Иоанн, дабы уважить хозяев, откушал несколько блюд, начал жаловать придворных чашами вина, затем велел принести подарки. Сундуки со всевозможной рухлядью несли сюда, и Федор Федорович бледнел все больше, не веря будто, что все это происходит наяву. Слуги вносили и вносили новые блюда, играли приехавшие вместе с государем домрачеи. Но царю было скучно среди этого наигранного веселья — шумные пиры, долгие, насыщенные всевозможными обычаями и порядками, давно не вызывают у него радости. Лениво оглядывая застолье, он вдруг притянул к себе за ворот кафтана Афанасия Нагого и что-то шепнул ему на ухо.
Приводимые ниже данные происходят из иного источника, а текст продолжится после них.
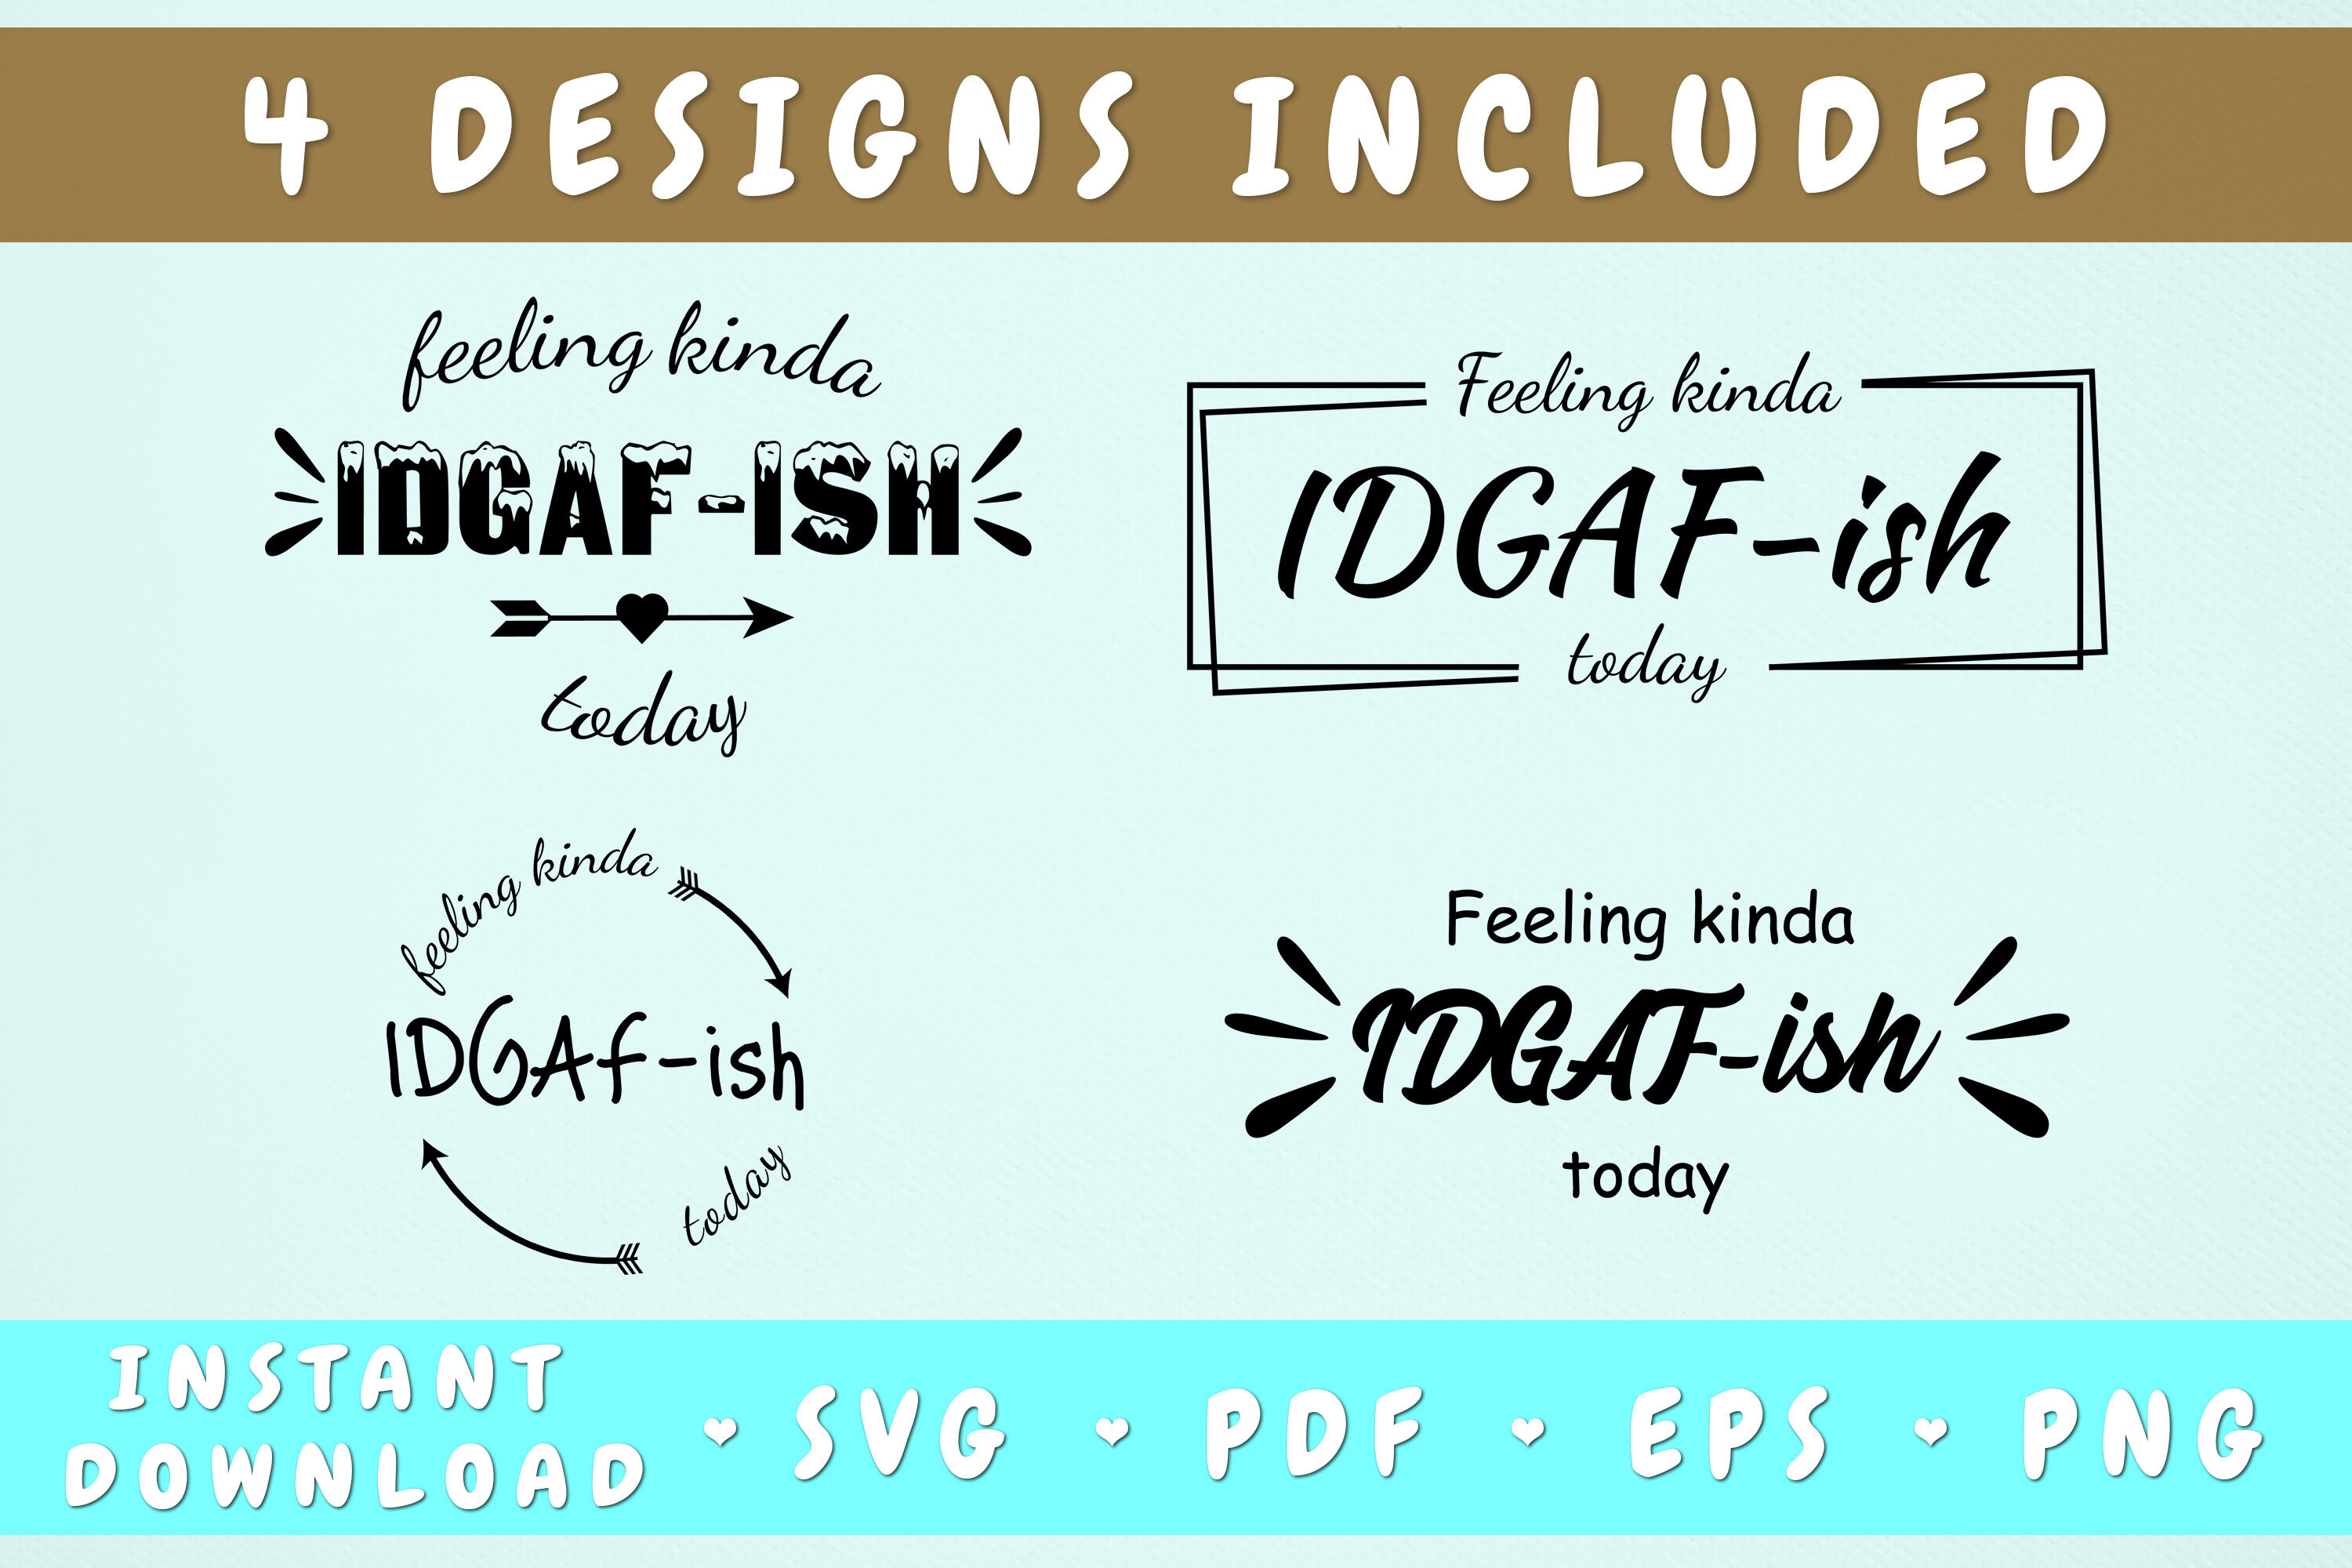 Download Feeling Kinda IDGAF-ish Today SVG - 4 Designs By ...
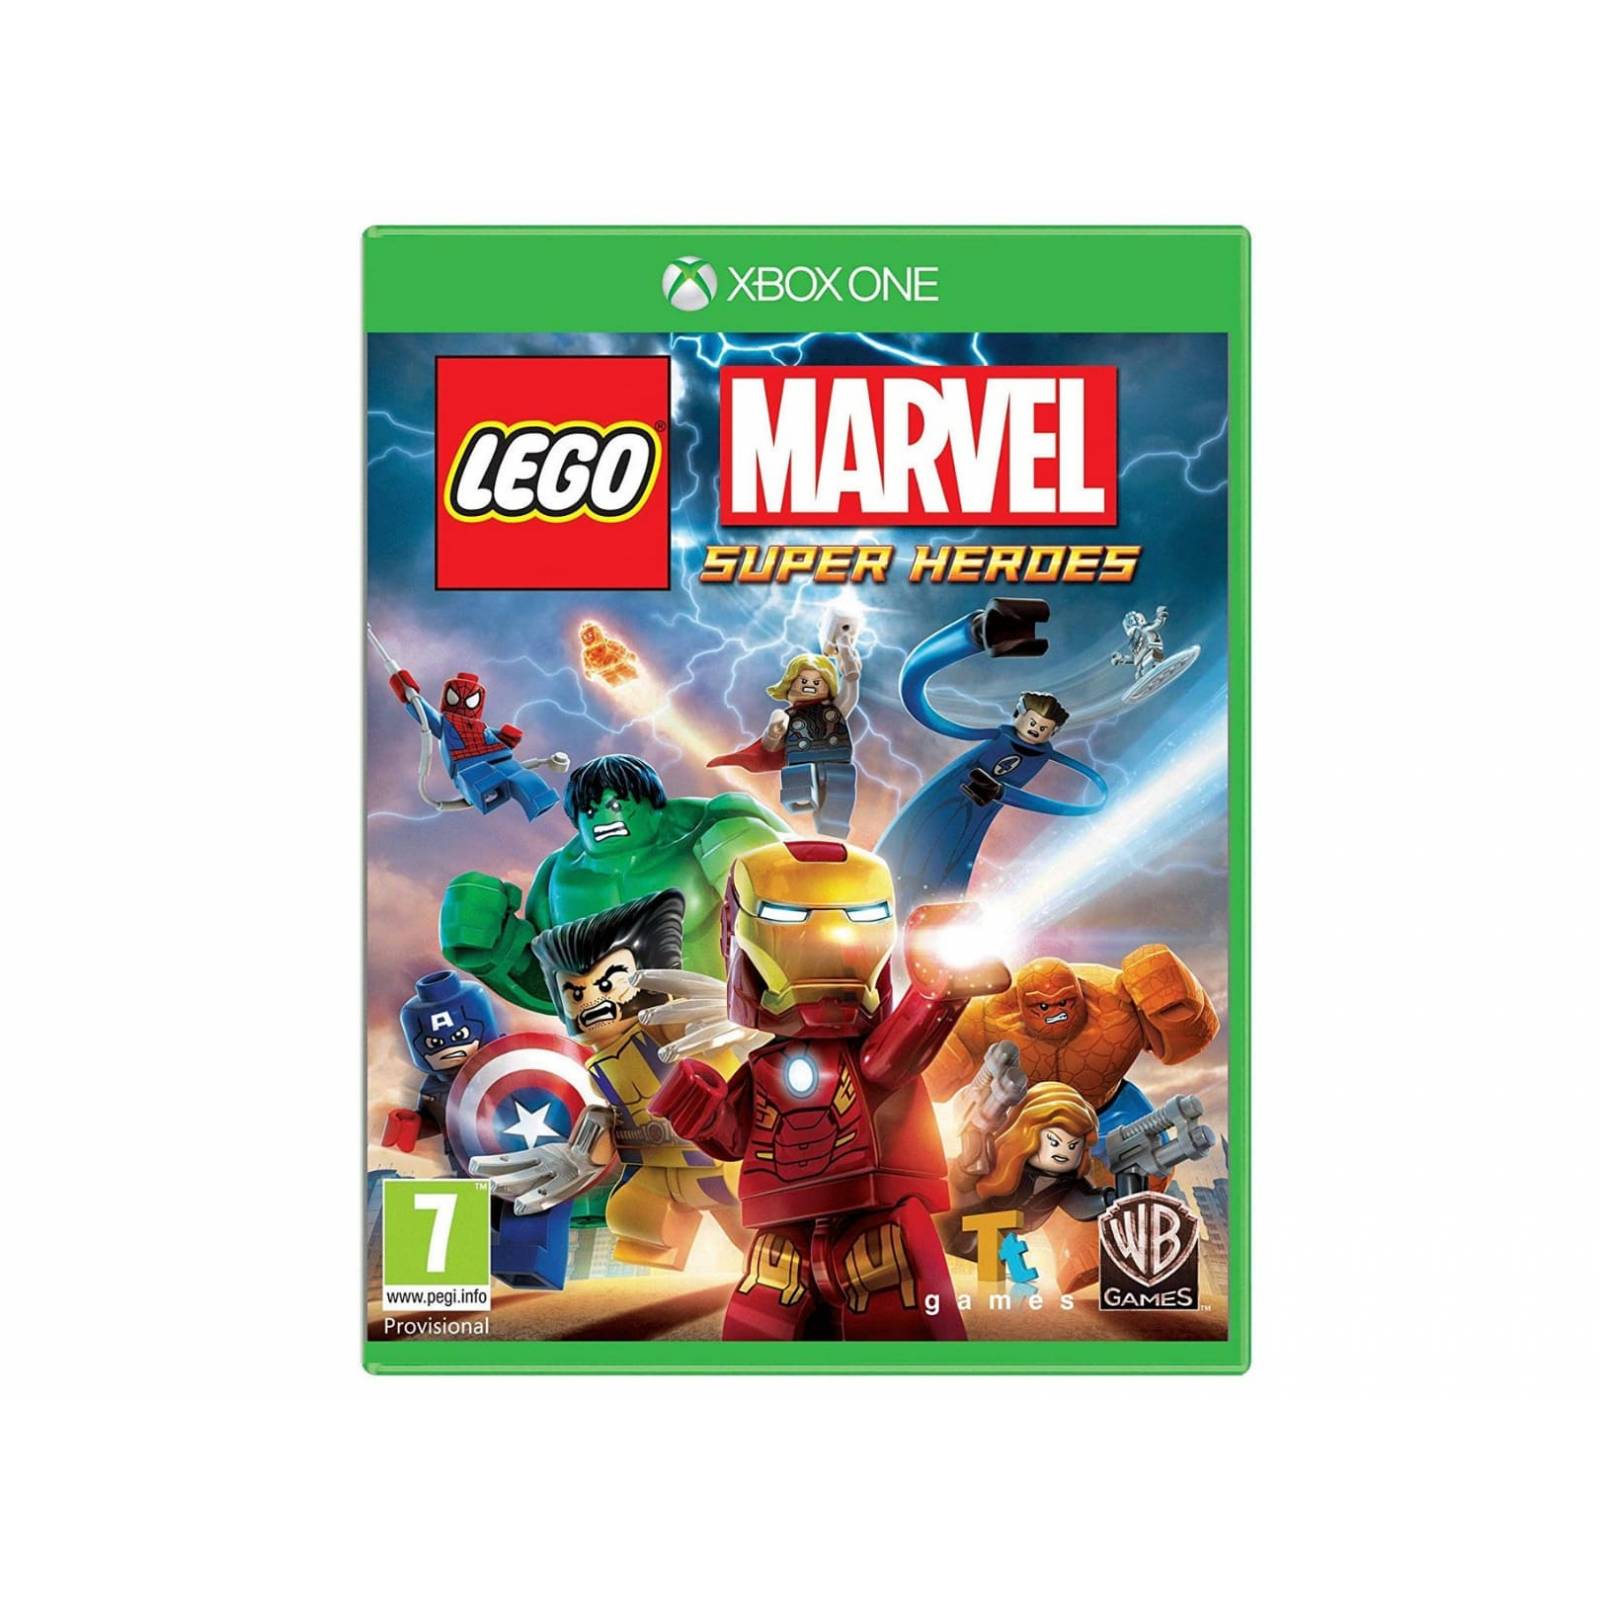 LEGO MARVEL SUPER HEROES Xbox one

Тот вмиг вылетел из-за стола, оббежал вокруг кресла Иоанна и сказал на ухо своему брату, сидевшему по левую руку от царя:

— Жрешь, сидишь! Скорее, невесту веди, ну!

Спохватившись, Федор Федорович стрелой вылетел из светлицы, и вскоре перед затихшими враз гостями появилась Мария. Пряча глаза, она стояла в белом атласном сарафане, вся в серебре и жемчуге. Поклонилась сначала государю, потом гостям, и было видно, как дрожат ее сцепленные руки. Мать и нянька со слезами на глазах притаились за ее спиной, замерли, ждут.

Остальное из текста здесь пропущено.